Use the entries below and reproduce exactly the lines from the one containing "22,11.2013, Yangon, Myanmar, Asien" down to the one containing "शहर, कार और बादल के साथ", both of them included.

» **THE INPUT**

###

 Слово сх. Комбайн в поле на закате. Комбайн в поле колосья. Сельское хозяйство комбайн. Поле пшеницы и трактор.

###

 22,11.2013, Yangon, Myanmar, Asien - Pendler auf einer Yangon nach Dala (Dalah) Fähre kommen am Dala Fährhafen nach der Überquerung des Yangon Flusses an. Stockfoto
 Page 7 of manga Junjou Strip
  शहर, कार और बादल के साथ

###

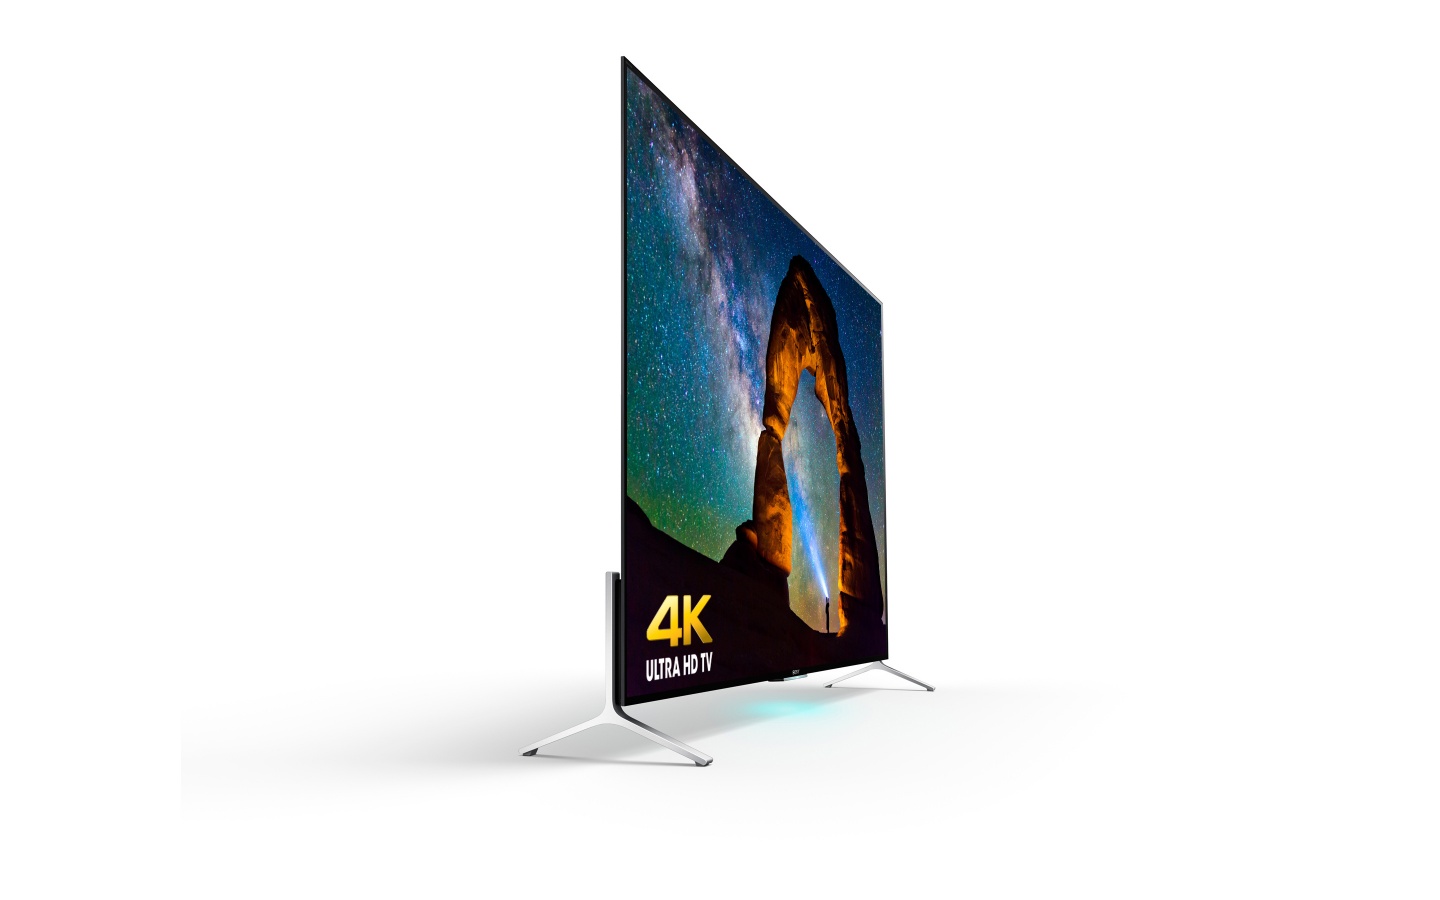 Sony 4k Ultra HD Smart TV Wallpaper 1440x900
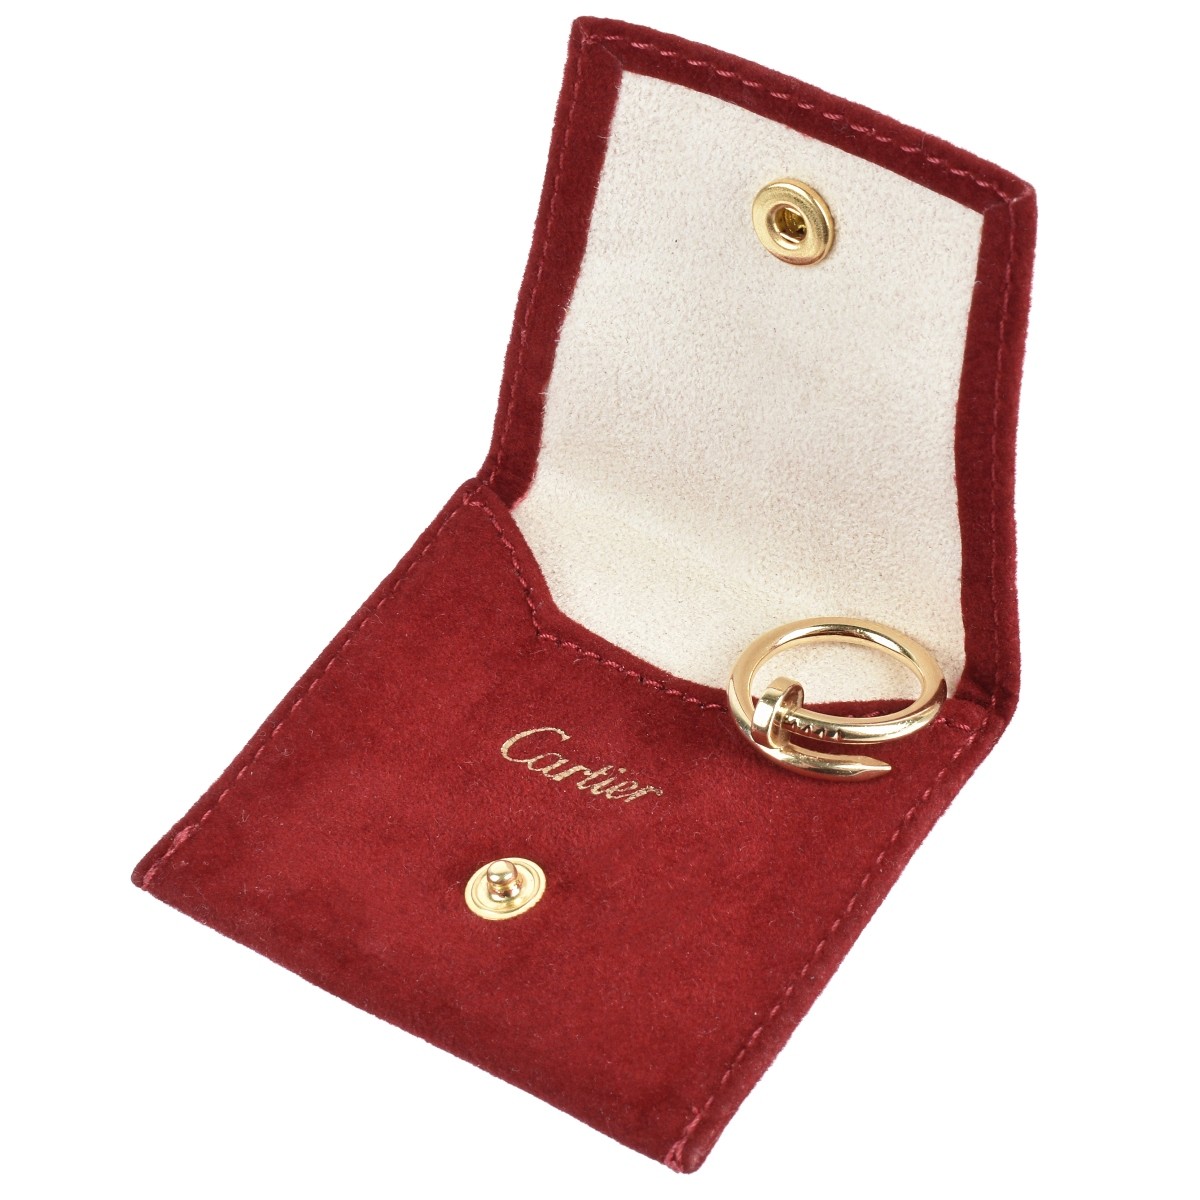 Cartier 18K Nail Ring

###

» **WRITTEN SOLUTION**
 22,11.2013, Yangon, Myanmar, Asien - Pendler auf einer Yangon nach Dala (Dalah) Fähre kommen am Dala Fährhafen nach der Überquerung des Yangon Flusses an. Stockfoto
 Page 7 of manga Junjou Strip
  शहर, कार और बादल के साथ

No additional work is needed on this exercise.